Far over the city--as it were at the top of the D--at Lindenthal, we see MARMONT stationed to meet BLÜCHER when he arrives on that side. To the right of him is NEY, and further off to the right, on heights eastward, MACDONALD. Then round the curve towards the south in order, AUGEREAU, LAURISTON [behind whom is NAPOLEON himself and the reserve of Guards], VICTOR [at Wachau], and PONIATOWSKI, near the Pleisse River at the bottom of the D. Near him are the cavalry of KELLERMANN and MILHAUD, and in the same direction MURAT with his, covering the great avenues of approach on the south.
Outside all these stands SCHWARZENBERG'S army, of which, opposed to MACDONALD and LAURISTON, are KLEINAU'S Austrians and ZIETEN'S Prussians, covered on the flank by Cossacks under PLATOFF. Opposed to VICTOR and PONIATOWSKI are MEERFELDT and Hesse-Homburg's Austrians, WITTGENSTEIN'S Russians, KLEIST'S Prussians, GUILAY'S Austrians, with LICHTENSTEIN'S and THIELMANN'S light troops: thus reaching round across the Elster into the morass on our near left-- the lower point of the D.]

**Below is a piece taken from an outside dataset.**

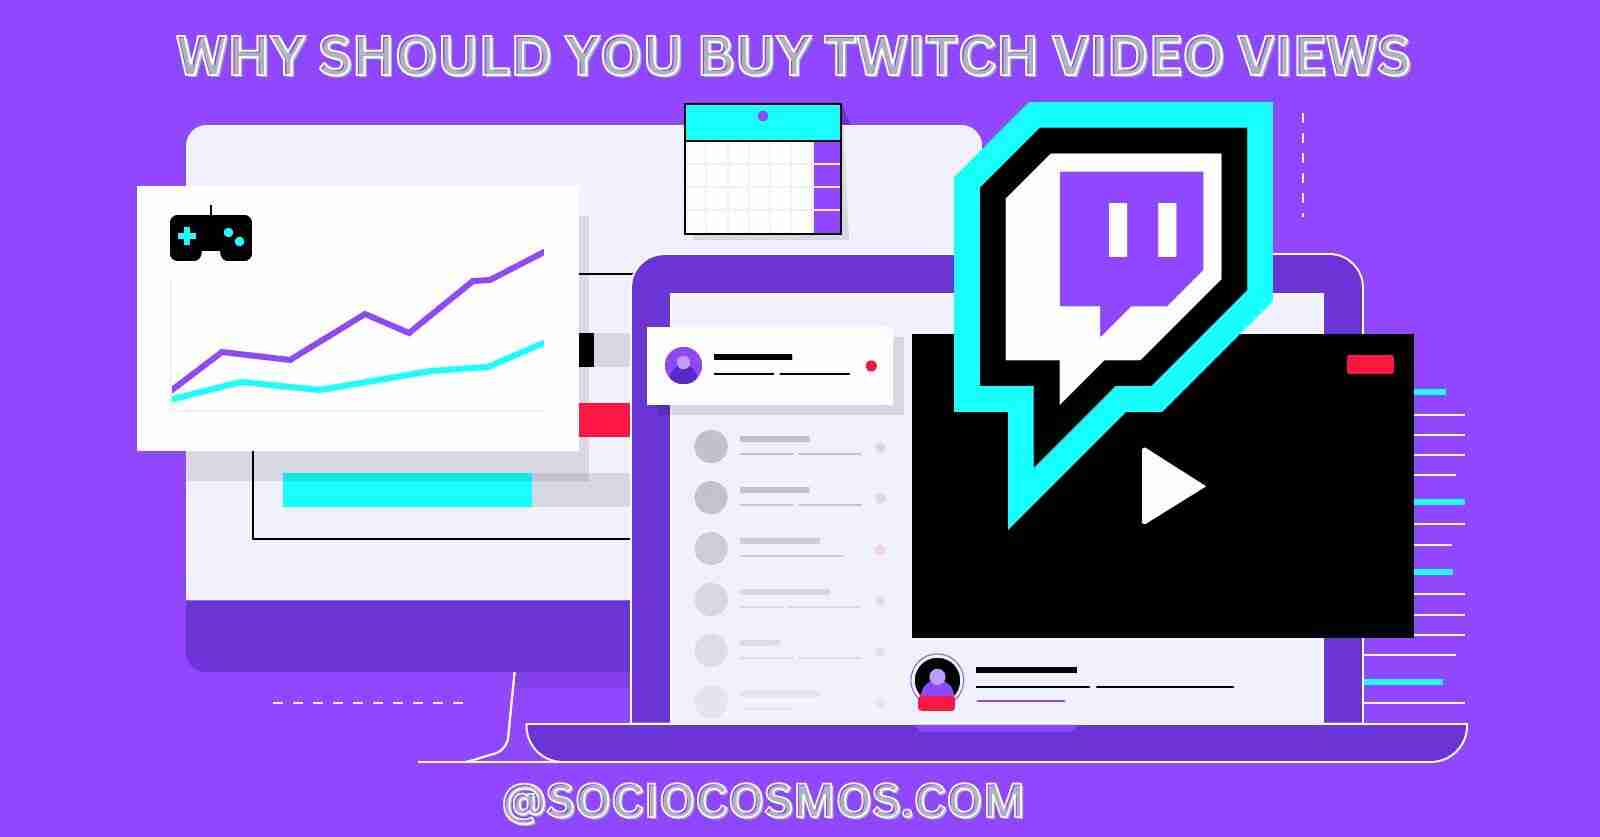 WHY SHOULD YOU BUY TWITCH VIDEO VIEWS (1)

SEMICHORUS I OF RUMOURS [aerial music]
This is the combat of Napoleon's hope, But not of his assurance! Shrunk in power He broods beneath October's clammy cope, While hemming hordes wax denser every hour.
SEMICHORUS II
He knows, he knows that though in equal fight He stand s heretofore the matched of none, A feeble skill is propped by numbers' might, And now three hosts close round to crush out one!
DUMB SHOW
The Leipzig clocks imperturbably strike nine, and the battle which is to decide the fate of Europe, and perhaps the world, begins with three booms from the line of the allies. They are the signal for a general cannonade of devastating intensity.

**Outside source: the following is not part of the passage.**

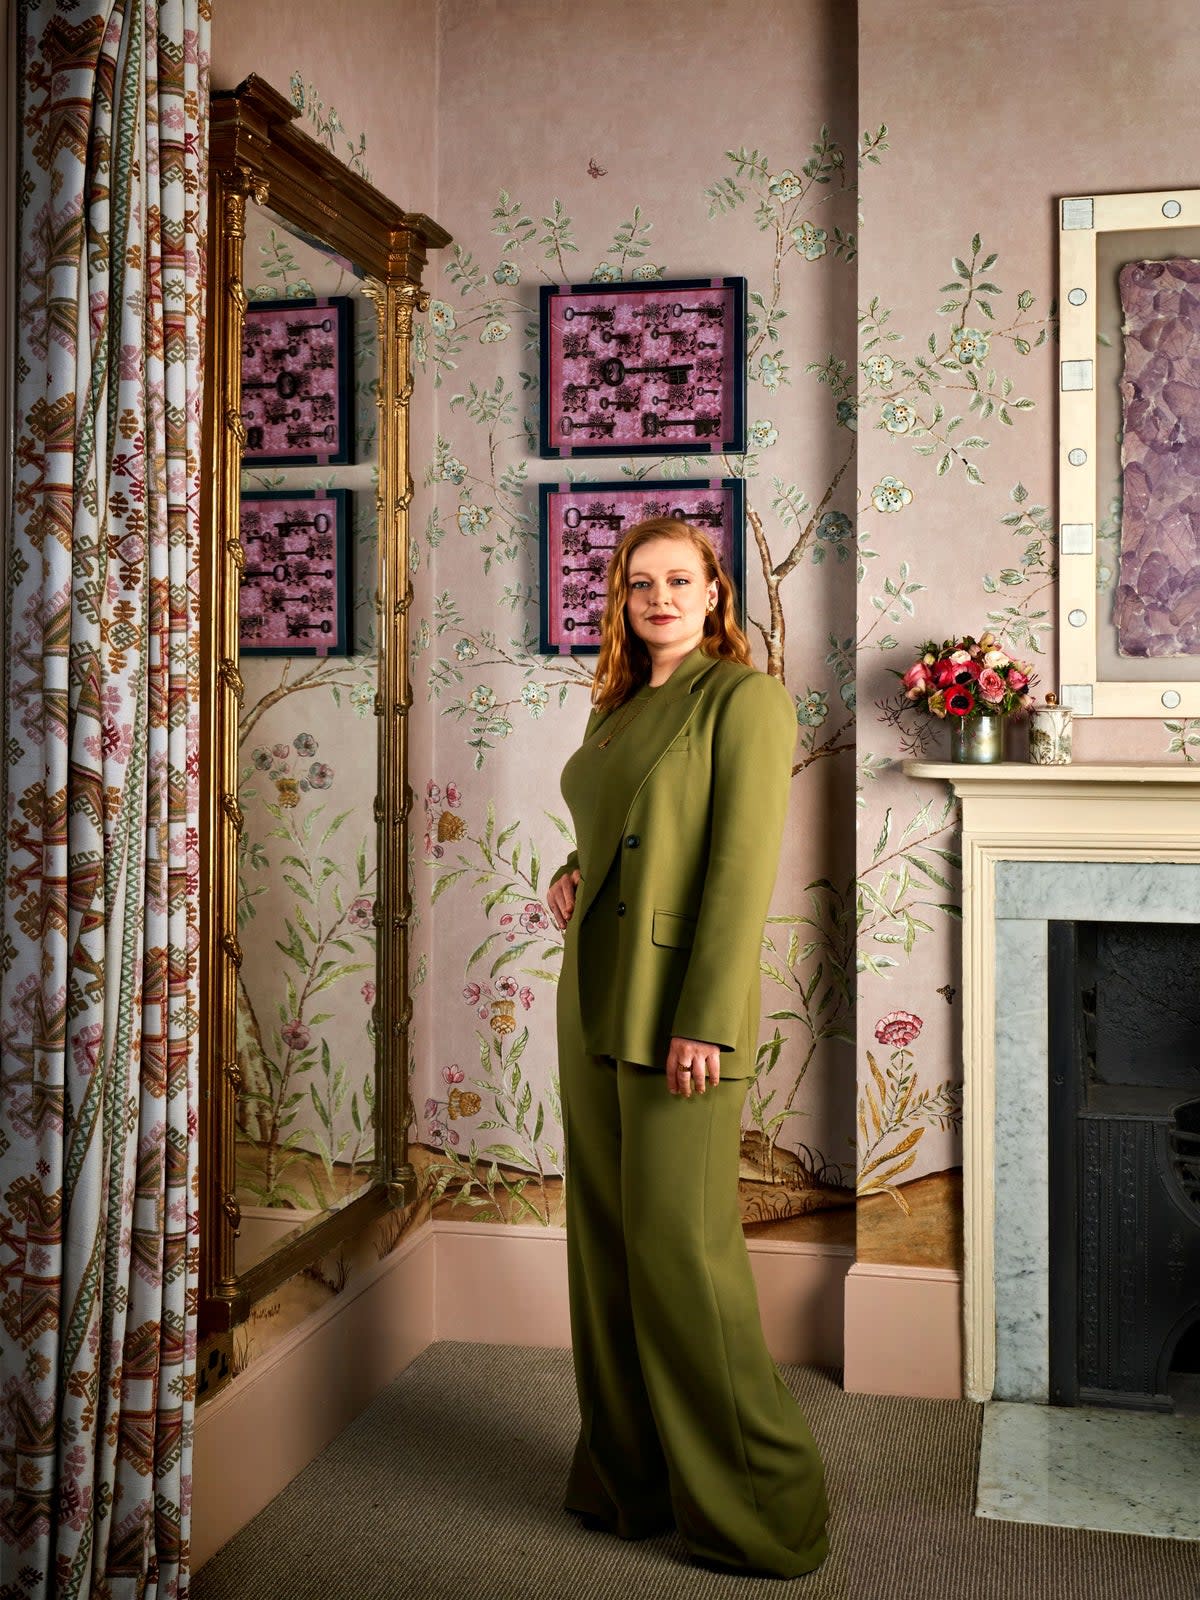 Sarah Snook in her dressing room, Theatre Royal Haymarket (Courtesy of the theatre and Kit Kemp Design Studio, photo by Simon Brown)

So massive is the contest that we soon fail to individualize the combatants as beings, and can only observe them as amorphous drifts, clouds, and waves of conscious atoms, surging and rolling together; can only particularize them by race, tribe, and language. Nationalities from the uttermost parts of Asia here meet those from the Atlantic edge of Europe for the first and last time. By noon the sound becomes a loud droning, uninterrupted and breve-like, as from the pedal of an organ kept continuously down.
CHORUS OF RUMOURS
Now triple battle beats about the town, And now contracts the huge elastic ring Of fighting flesh, as those within go down, Or spreads, as those without show faltering!
It becomes apparent that the French have a particular intention, the Allies only a general one. That of the French is to break through the enemy's centre and surround his right. To this end NAPOLEON launches fresh columns, and simultaneously OUDINOT supports VICTOR against EUGENE OF WURTEMBERG'S right, while on the other side of him the cavalry of MILHAUD and KELLERMAN prepares to charge. NAPOLEON'S combination is successful, and drives back EUGENE. Meanwhile SCHWARZENBERG is stuck fast, useless in the marshes between the Pleisse and the Elster.
By three o'clock the Allied centre, which has held out against the assaults of the French right and left, is broken through by cavalry under MURAT, LATOUR-MAUBOURG, and KELLERMANN.
The bells of Leipzig ring.
CHORUS OF THE PITIES
Those chimings, ill-advised and premature! Who knows if such vast valour will endure?